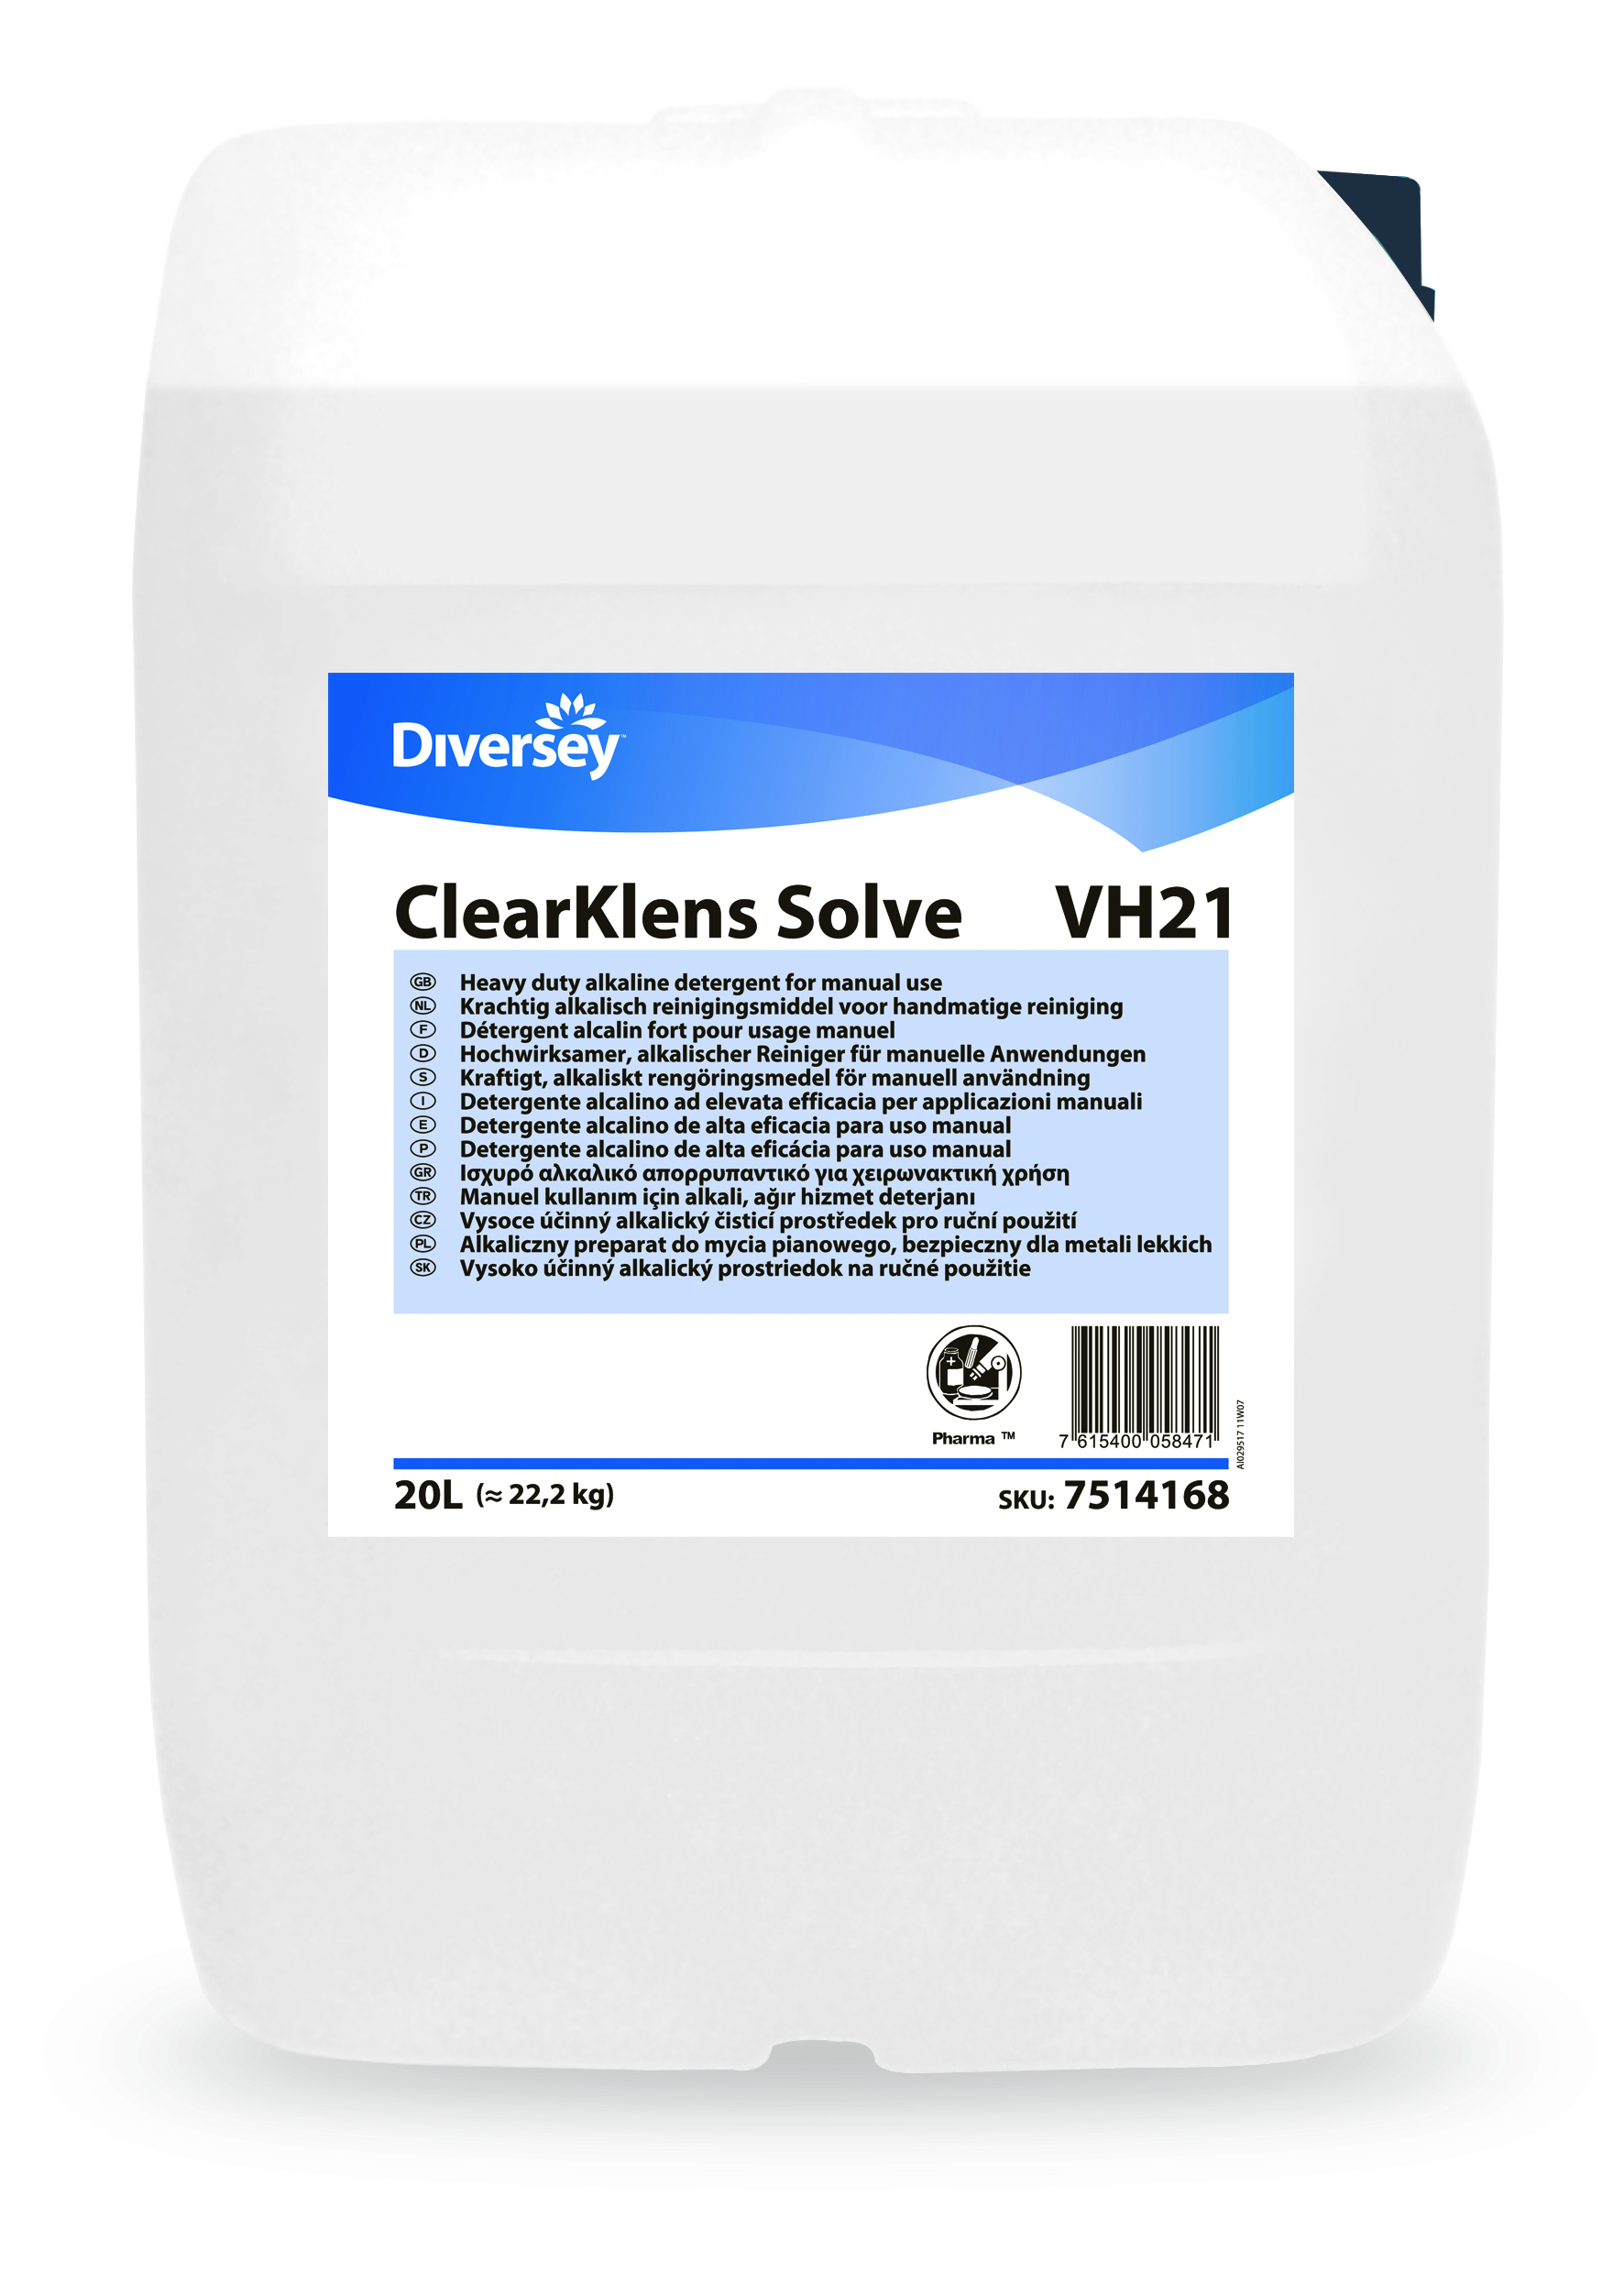 ClearKlens Solve VH21
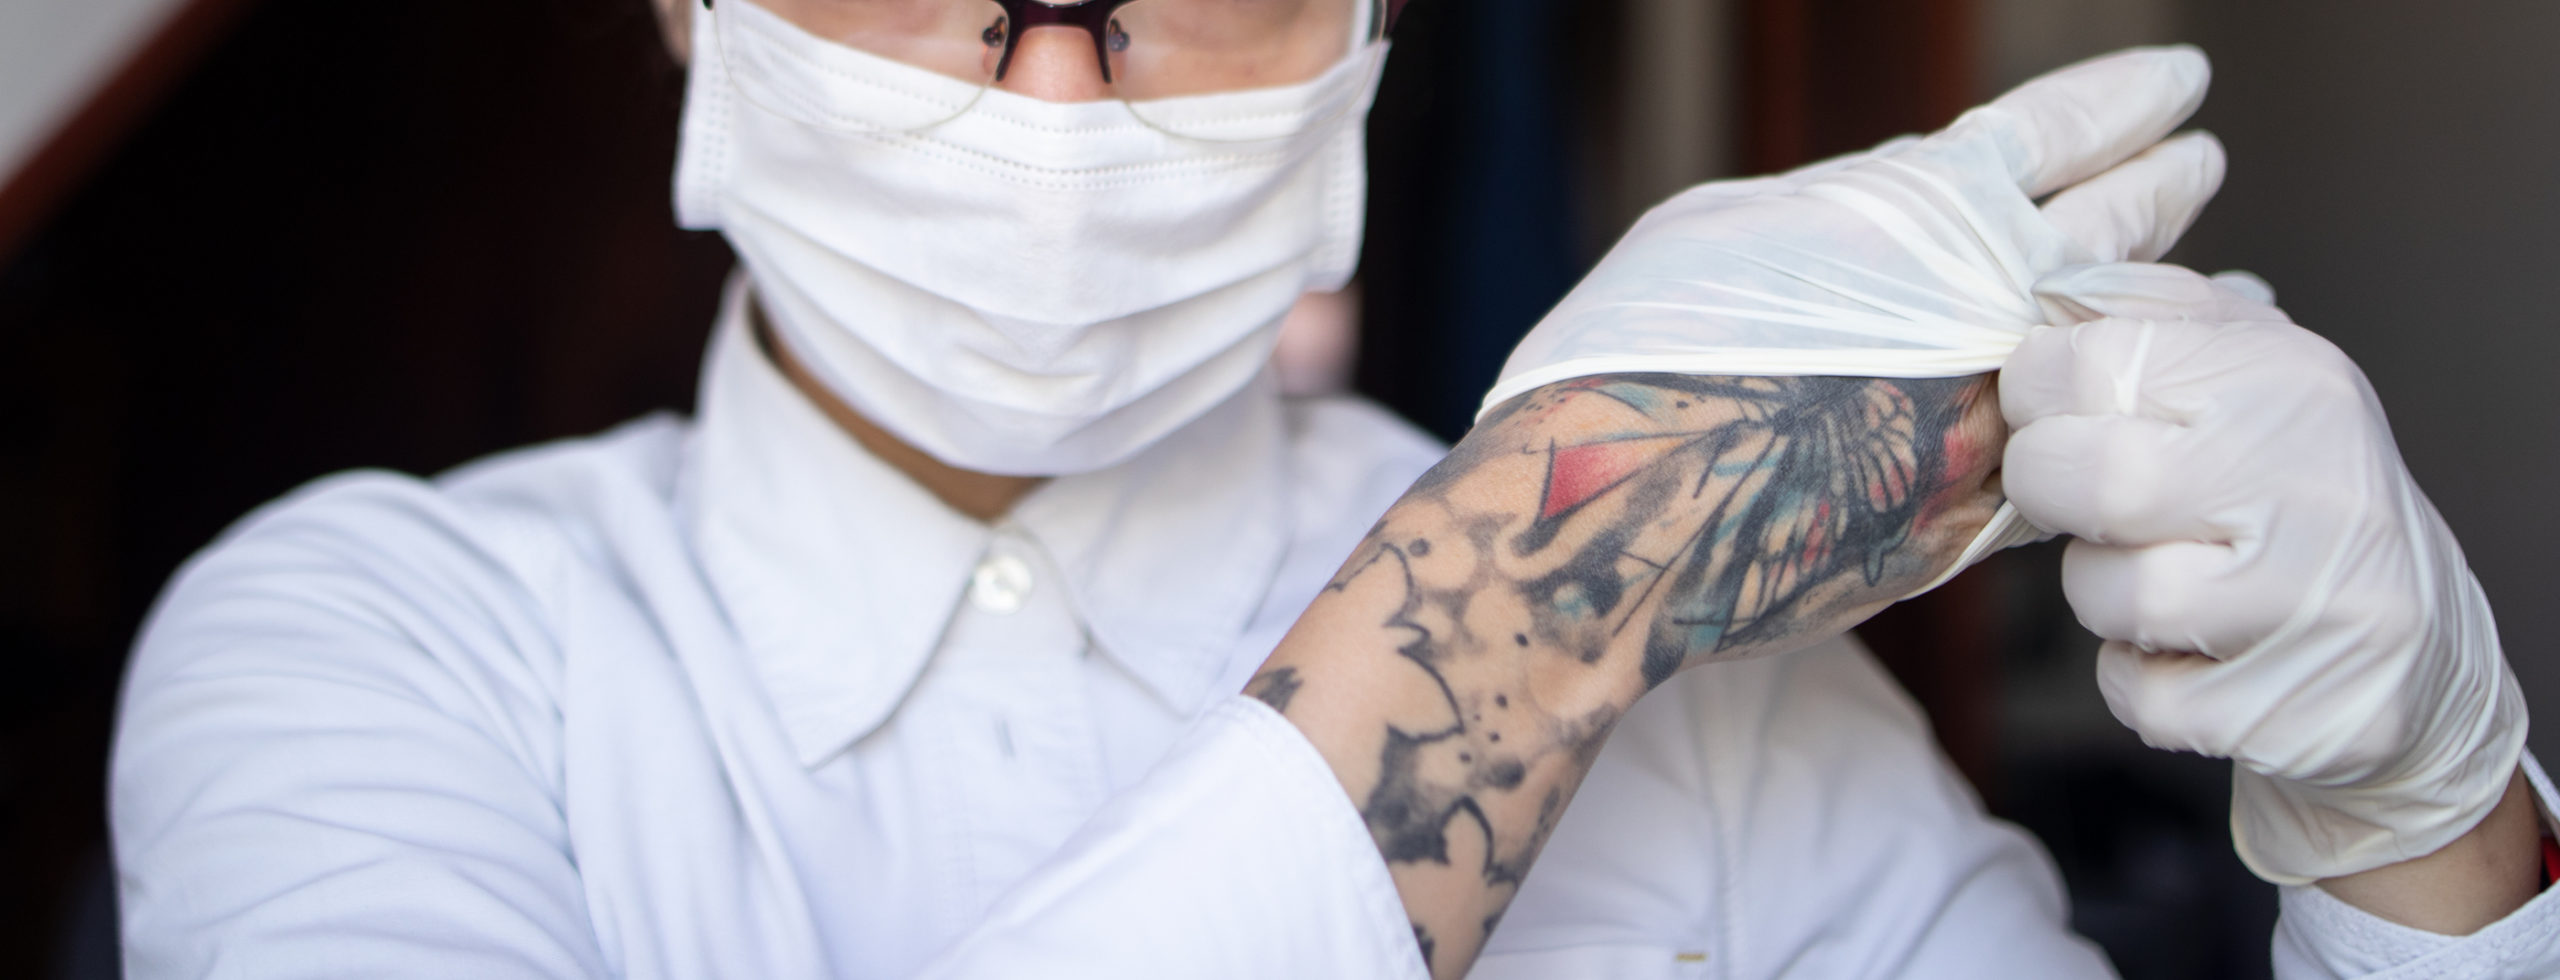 10 Ideas for Nurse Tattoos | Incredible Health
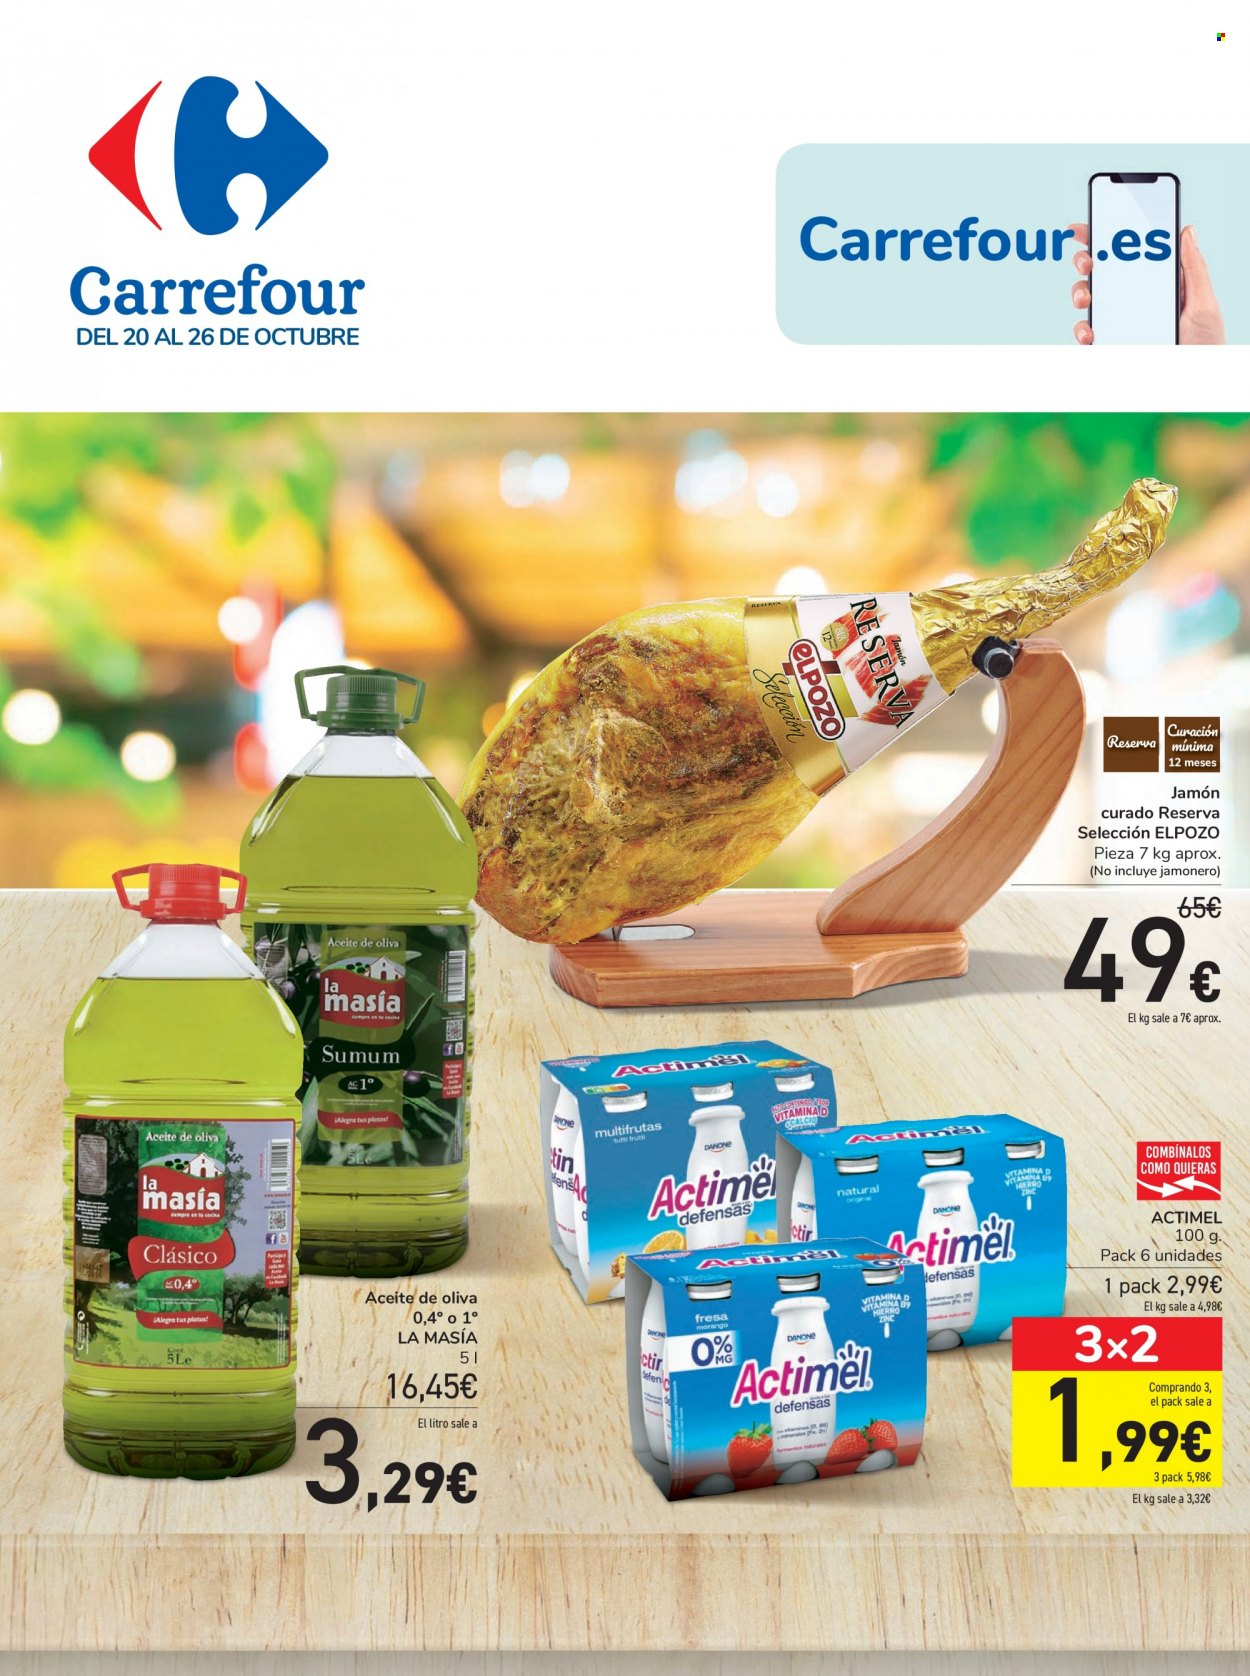 thumbnail - Folleto actual Carrefour - 20/10/21 - 26/10/21 - Ventas - jamón, jamón curado, Danone, Actimel, aceite de oliva, jamonero. Página 1.

*Task details*. A faithful copy is needed: reproduce all of the data above, leaving the pictures out.

*Answer space*.
 ClearKlens Solve VH21
 10 Ideas for Nurse Tattoos | Incredible Health
 thumbnail - Folleto actual Carrefour - 20/10/21 - 26/10/21 - Ventas - jamón, jamón curado, Danone, Actimel, aceite de oliva, jamonero. Página 1.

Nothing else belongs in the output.